Robert Van Pelt, a forest ecology researcher at the University of Washington and Evergreen State College, has two lifelong obsessions: trees and curious facts. So it seems inevitable that he would hunt out the woody leviathans showcased in his book Forest Giants of the Pacific Coast.
Measuring trees is a science, and Van Pelt takes the reader through a brief overview of how it's done. But the bulk of the book is devoted to 117 champion trees. Each of the 20 species covered has its own chapter that begins with an informative but easy-to-read article giving background on the featured species and a colorful map showing species range and the locations of the giants. Individual profiles of the big trees follow. Van Pelt provides the expected facts, such as height, diameter and wood volume, but also goes beyond the numbers to bring out the unique personality of each tree by delving into the story behind the names (Riker!, named after the Enterprise's second-in-command on Star Trek, is the second-largest noble fir in an area near Mount St.
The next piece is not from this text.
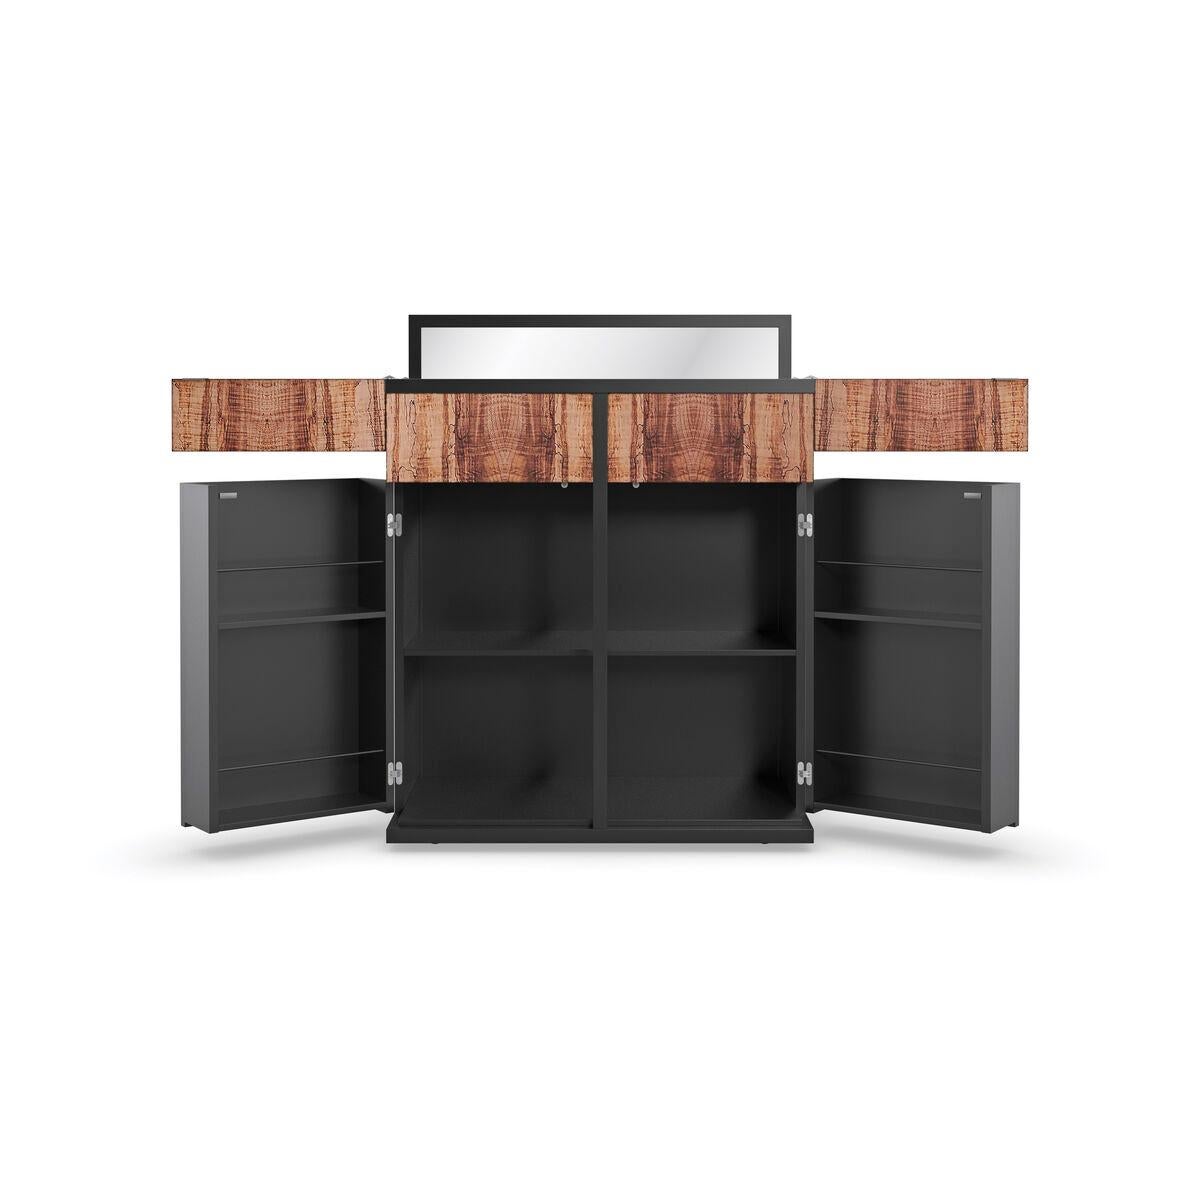 Maple Modern bar cabinet, luxury, understated: this sleek bar cabinet mixes form and function with innovation to elevate entertaining. Well-suited for compact spaces or larger living interiors, its clean-lined design accentuates the natural beauty

Helens), highlighting some of the trees' quirks (a cedar in Olympic National Park has two full-size hemlocks growing on it), and recounting some of the tales accumulated from the 200,000 miles Van Pelt drove and 700 miles he hiked in search of these trees.
Whether you're a silviculturalist or someone who can barely tell a spruce from a fir, the author's exquisite drawings of each tree are reason enough to pick up this book and a good excuse not to put it down.
Forest Giants of the Pacific Coast, by Robert Van Pelt, Global Forest Society with University of Washington Press, Seattle, 2002. Softcover: $35, 224 pages, 115 color illustrations, 115 line drawings, 22 color maps.